Больше всего меня поразило, что брат Жоэль меня узнал – двадцать с лишним лет спустя. Наверное, с тех пор как он перестал быть гостиничником, в его жизни произошло не так много событий. Он работал в монастырских мастерских, присутствовал на ежедневных богослужениях. Жизнь его текла мирно и, вероятно, счастливо; то есть была полной противоположностью моей.
Позже, в ожидании вечерни, сразу после которой подавали ужин, я долго гулял по парку, выкурив бесчисленное количество сигарет. Солнце светило все ярче, расцвечивая иней, зажигая светлые отблески на каменных стенах монастыря и алые на ковре из листьев. Смысл моего пребывания здесь уже не казался мне таким очевидным; иногда я прозревал его, хоть и смутно, но тут же безвозвратно терял снова, и Гюисманс был уже тут явно ни при чем.
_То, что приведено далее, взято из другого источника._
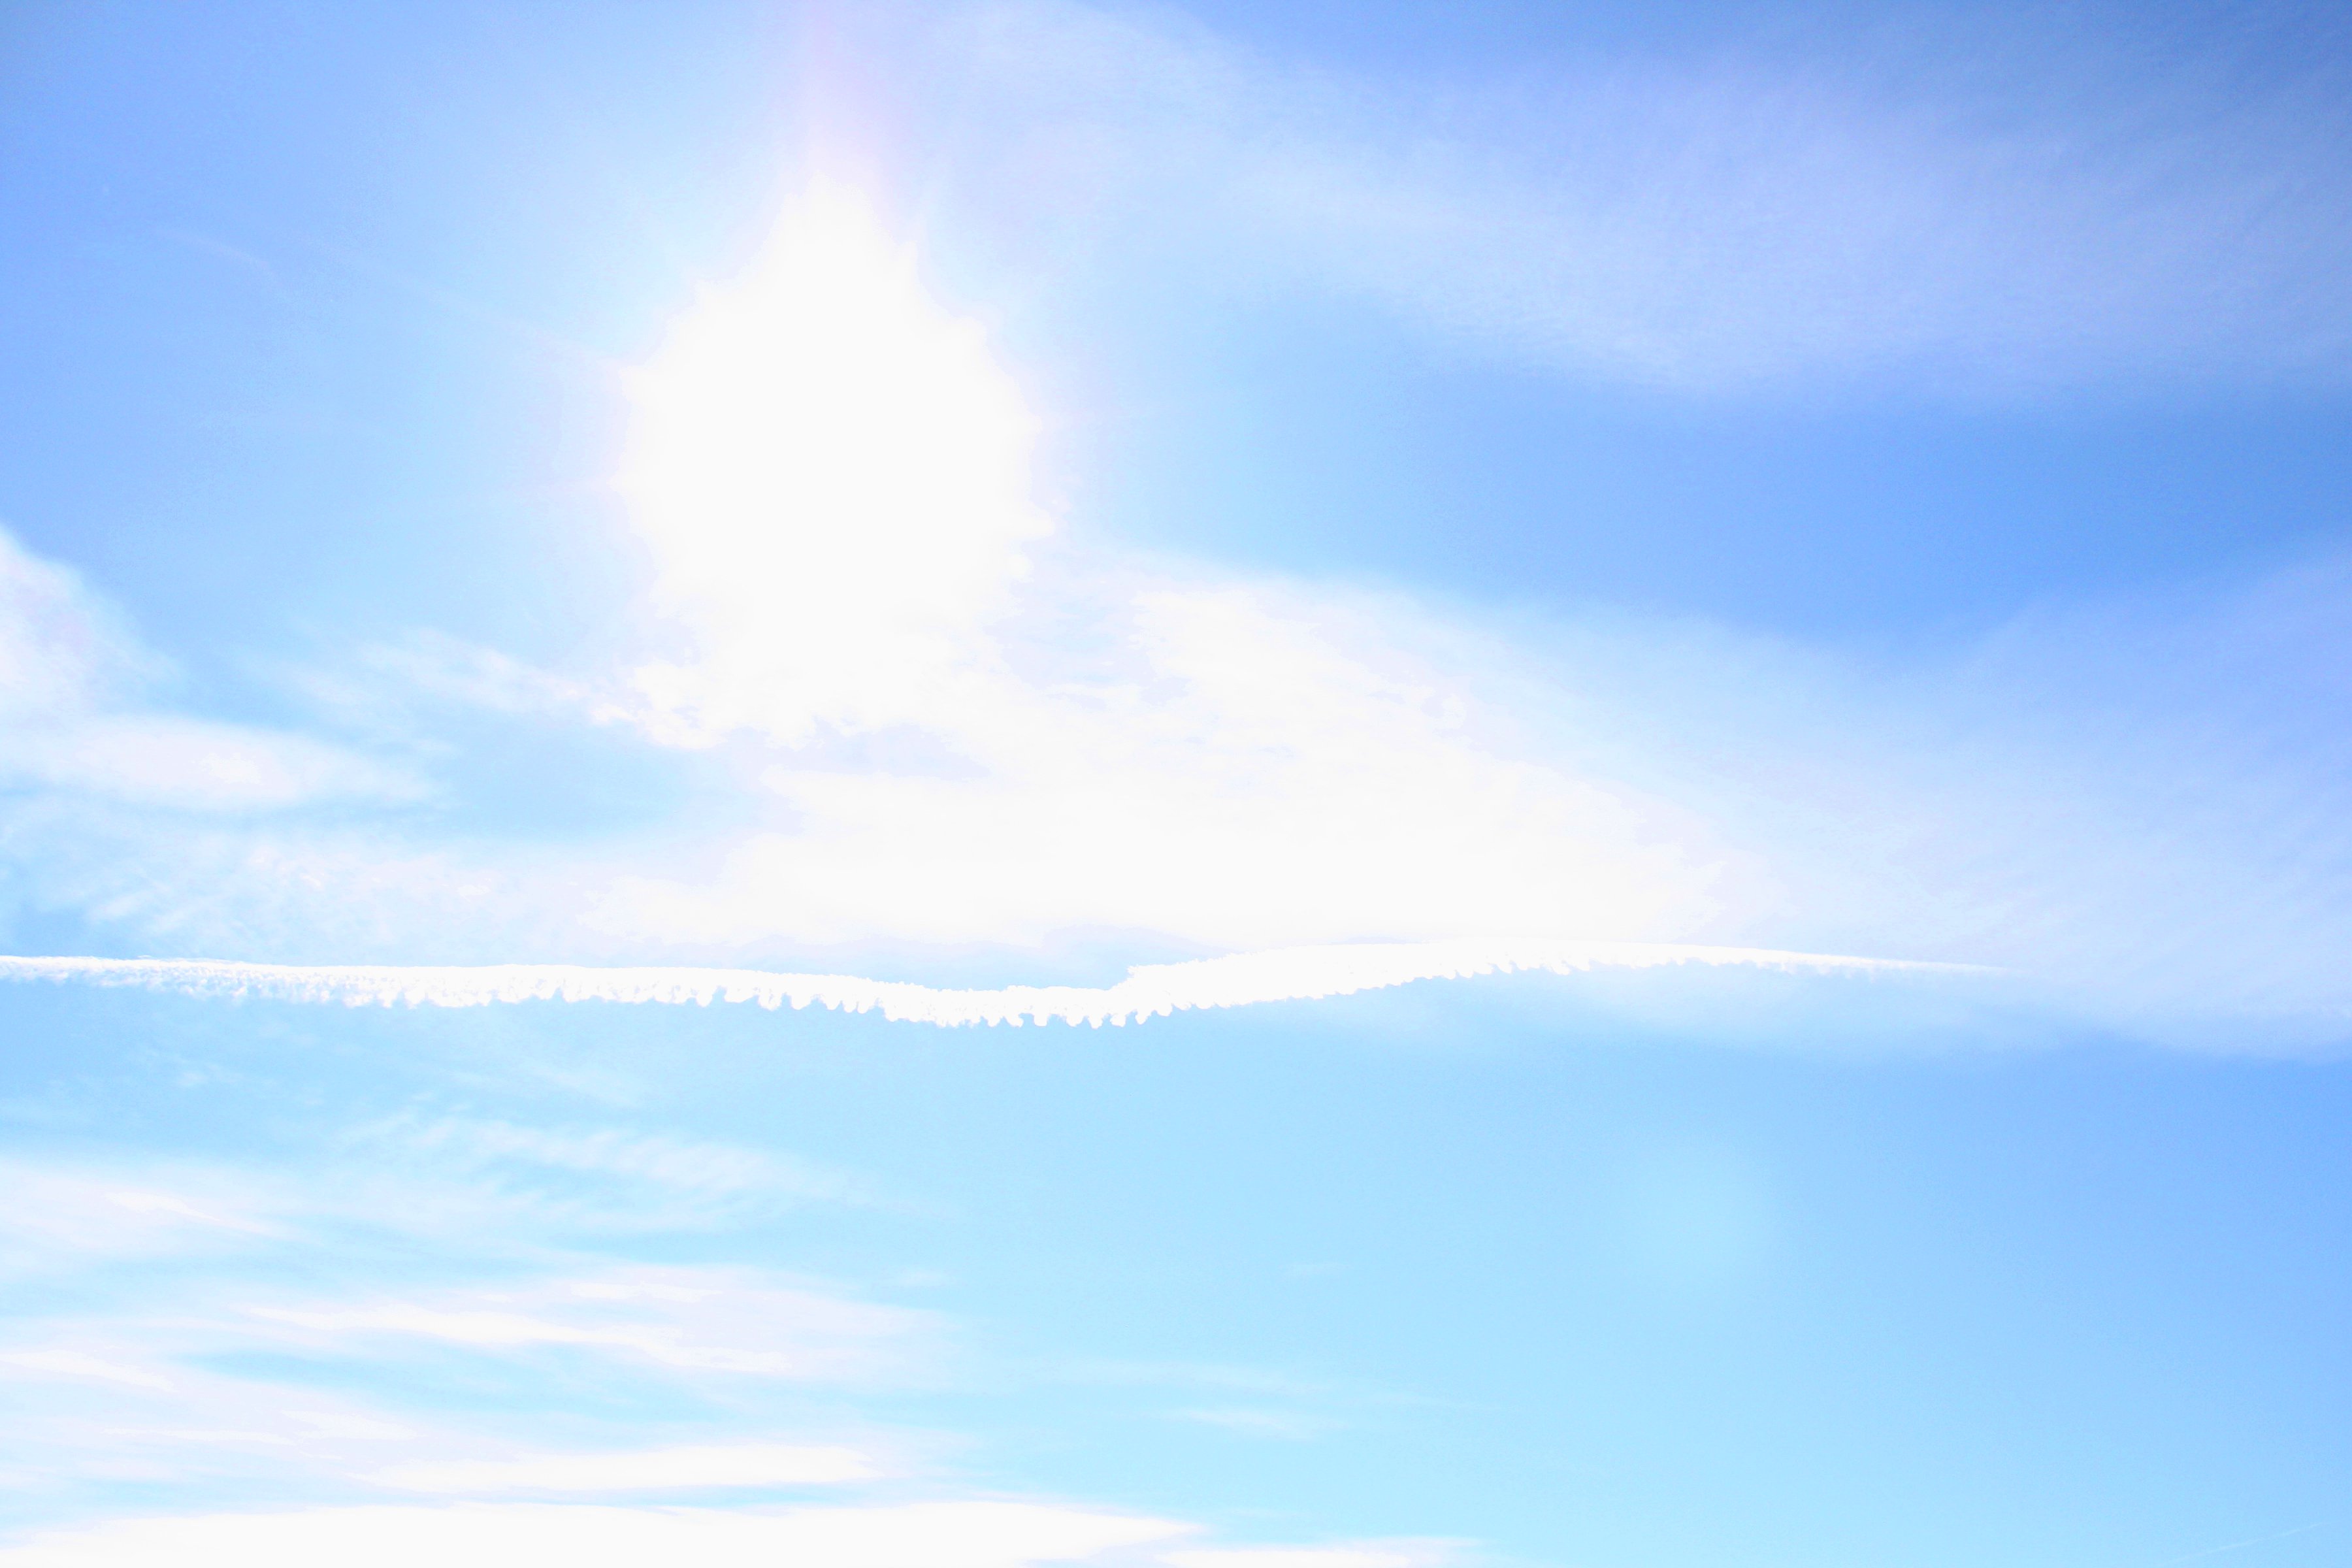 Blue Sky with Sun Clouds and Airplane Trail Picture | Free ...

В течение следующих двух дней я постепенно привыкал к однообразной череде служб, но так и не смог по-настоящему проникнуться ими. Обедня была единственным узнаваемым компонентом, единственной точкой соприкосновения с отправлением культа, как это понимают во внешнем мире. Что до всего остального, то это была просто мелодекламация и пение псалмов, соответствующих определенному часу дня, иногда прерываемых непродолжительным чтением священных текстов, – эти чтения сопровождали и трапезу, проходившую в полном молчании. Современная церковь, построенная на территории монастыря, отличалась неброским уродством, слегка напоминая своей архитектурой торговый центр “Супер-Пасси” на улице Аннонсиасьон, а ее витражи, не более чем абстрактные цветные пятна, не заслуживали никакого внимания; но в моих глазах все это было не так важно: я не был эстетом, во всяком случае, в гораздо меньшей степени, чем Гюисманс, и стандартное уродство современного религиозного искусства не вызывало у меня особых эмоций. В ледяном воздухе раздавались голоса монахов, чистые, смиренные и благодушные; в них звучала нежность, надежда и упование. Господь наш Иисус Христос должен вернуться, он вернется уже скоро, и жар его присутствия заранее переполнял радостью их души, что, в сущности, и было единственной темой песнопений, проникнутых естественным и светлым ожиданием. Старая сука Ницше был прав, угадав своим тонким чутьем, что христианство, по сути, религия женская.